The brutal truth is all these plans, pleas and proposals are non-starters. Why? Because they all look beyond the current disastrous disintegration of the global economy to a bright, newly refurbished, much more regulated, fairer, capitalist world. This is not how capitalist slumps work themselves out.

Fixing the real problem - an overhang of capacity as global production turns from recession to depression and slump - has only one solution as far as capitalism is concerned. In 1942 in the midst of the Second World War, economist Joseph Schumpeter, a critic of Keynes, but a big fan of credit-led investment, published his most famous work Capitalism, Socialism and Democracy. It was then, with the world at war, that he chose to develop his version of the concept of "creative destruction". That is already under way, with 10 million Americans already out of work and General Motors on the edge of bankruptcy.

Bush bemoaned the fact that critics were "equating the free enterprise system with greed, exploitation and failure" and objected to it. He is right to warn against the coming assault on the citadels of capitalism. There’ll be many demonstrations and protests against the G20 over the weekend and the election of Obama last week was itself a product of the anger millions of Americans who want action against bankers and corporations.
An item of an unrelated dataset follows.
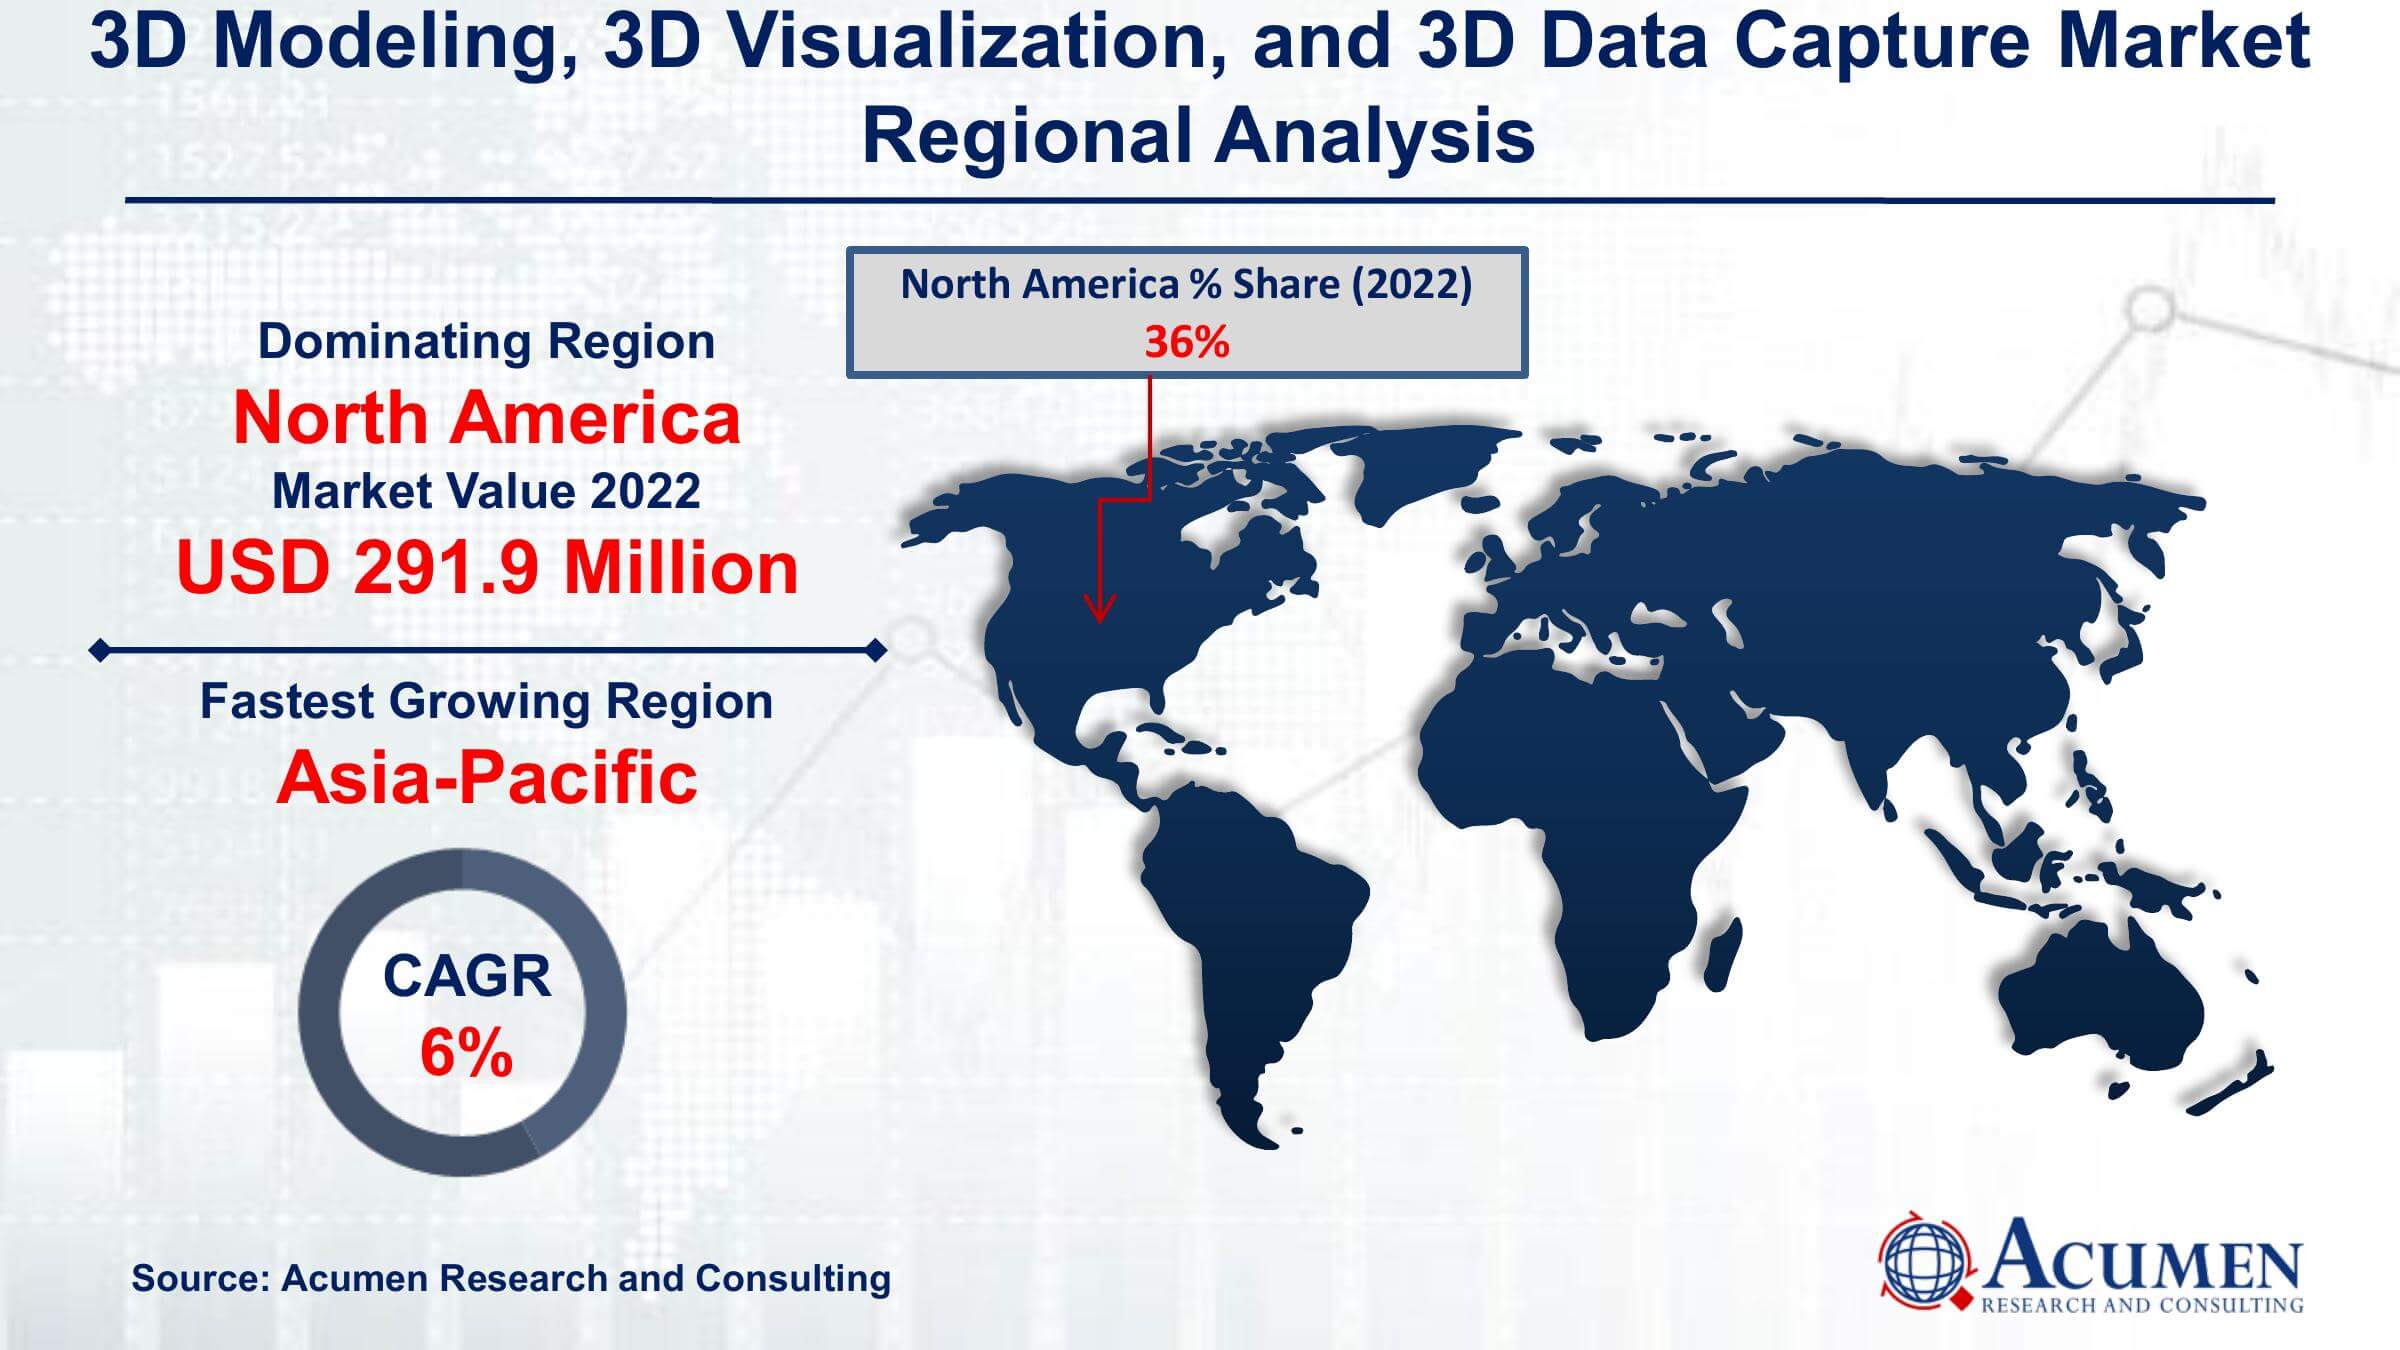 3D Modeling, 3D Visualization, and 3D Data Capture Market Drivers

What is urgently needed is a concept of a society beyond the private ownership and control of capital, together with the leadership and organisation to make it a reality.

Can we do it? Yes we must!

Gerry Gold
Economics editor
A World to Win

Tuesday, 11 November 2008

Ealing points the way

On Monday night John McDonnell and I spoke on behalf of LEAP at a packed meeting in Ealing on the financial crisis. The meeting 'The Real Issues of the World Financial Crash' was called by Ealing Trades Union Council and the Convention of the Left.
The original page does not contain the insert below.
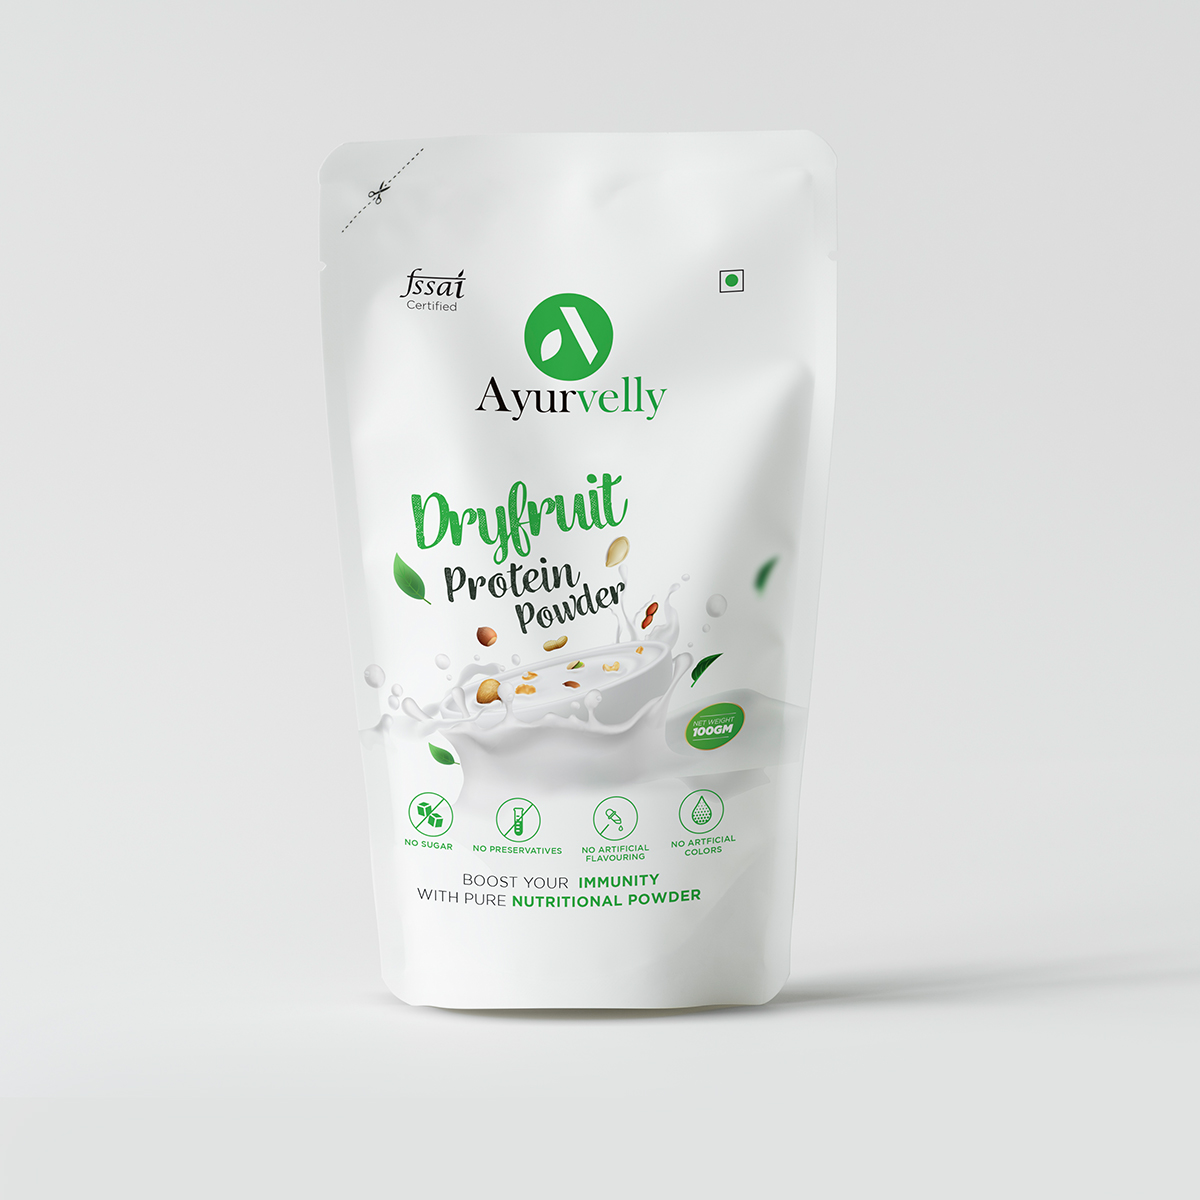 Dryfruit Packaging Design

The meeting was everything that a good meeting should be: participatory, comradely, well-chaired, wide-ranging yet focused, and with the right balance between theoretical discussion and planning for action.

There was also a varied range of constructive contributions about what is happening in the crisis and what we can do about it. The discussion ranged from the paucity of the minimum wage (and Ed Balls' recent comments about the London living wage), through the effect of tumbling shares on pensions, the attacks on jobs (including the disgraceful actions of the Tory council in Hammersmith & Fulham), and how in Germany the privatisation of rail has been put off, while in Argentina pension funds have been nationalised.
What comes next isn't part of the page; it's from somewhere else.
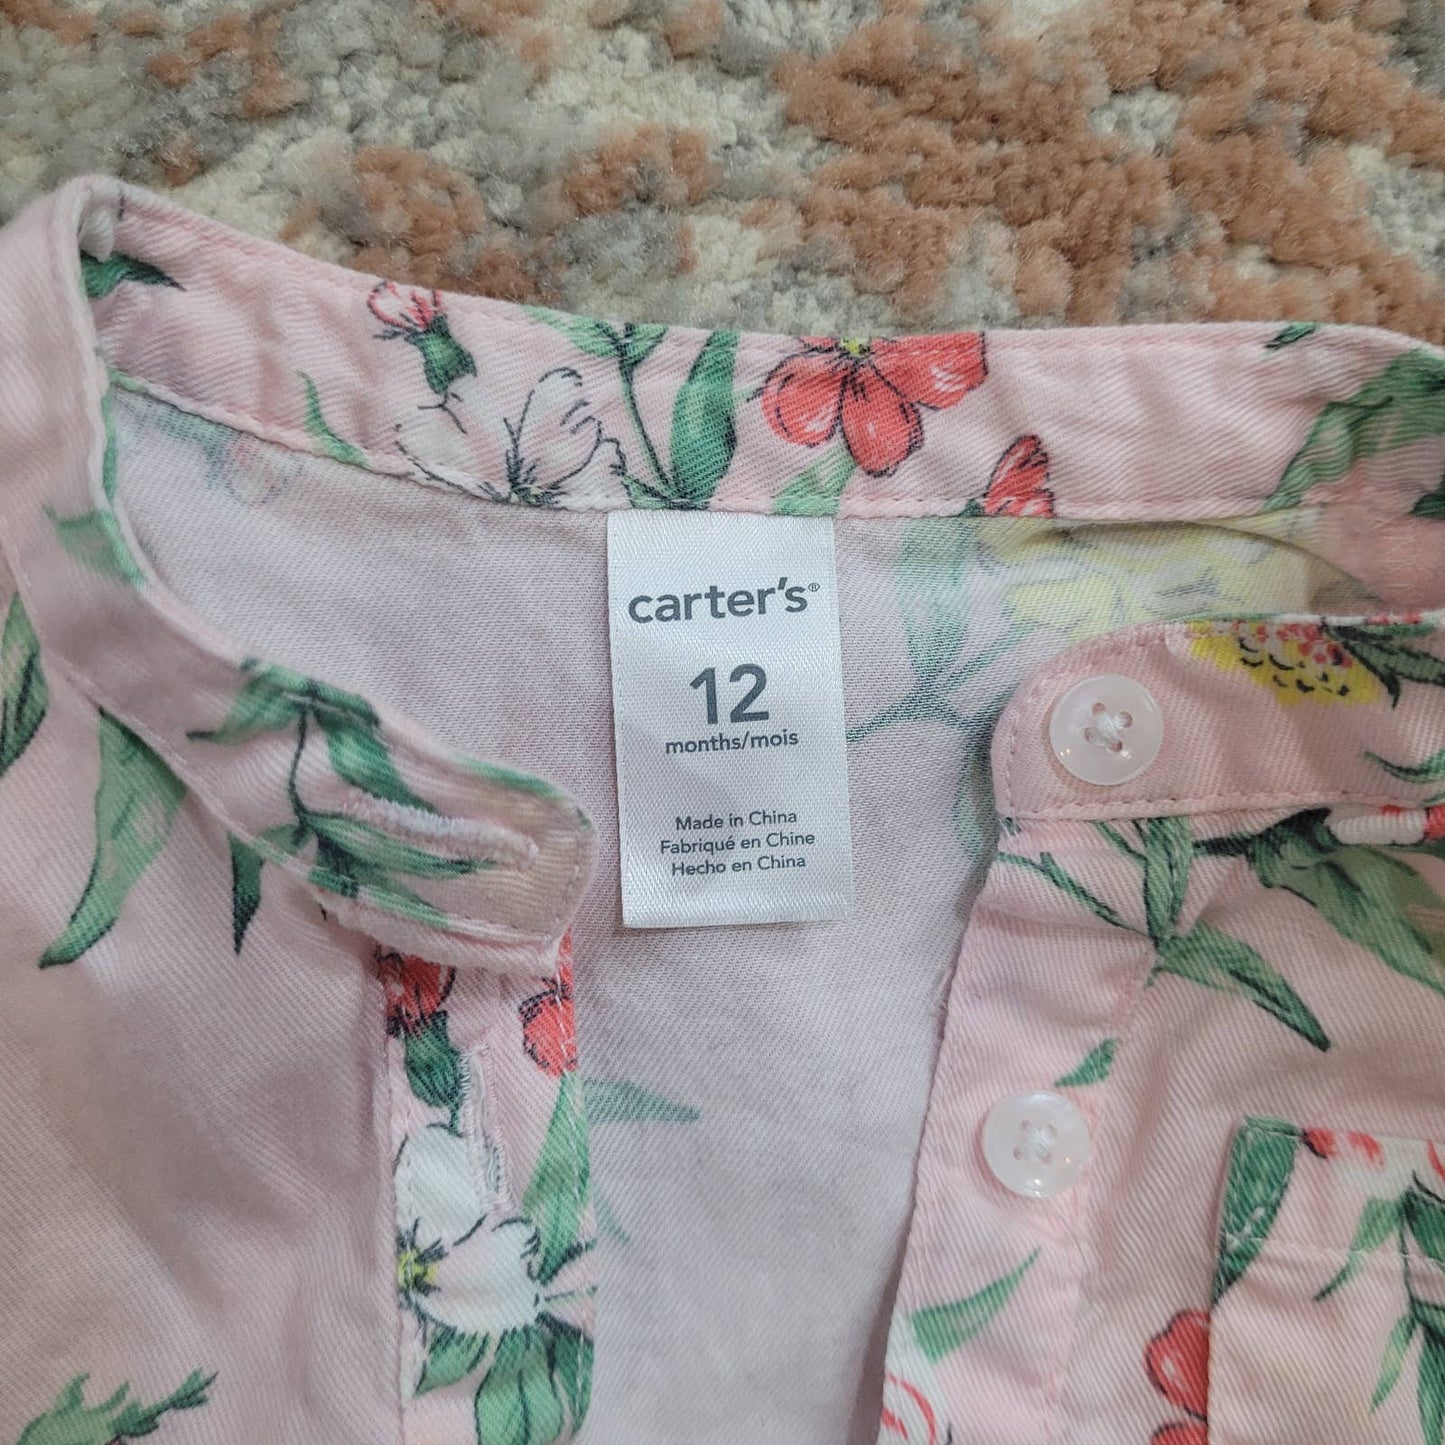 Carter's Pink Floral Dress - Size 12M

One suggestion I particularly liked was to create spoof posters of the grotesque DWP campaign on 'benefit thieves'. What about 'tax thieves - we're closing in' with pictures of Branson, Green, et al?

Another concrete idea was to picket or occupy banks that were repossessing people's homes - or acting as human shields in people's homes against bailiffs. Such actions need to be replicated across the country - and it's no surprise that the Poll Tax campaign was invoked.

Another major task - discussion of which peppered the meeting - was how to get our unions to start fighting. There was agreement that this needed grassroots mobilisation to push the bureaucracies into action . . . or out.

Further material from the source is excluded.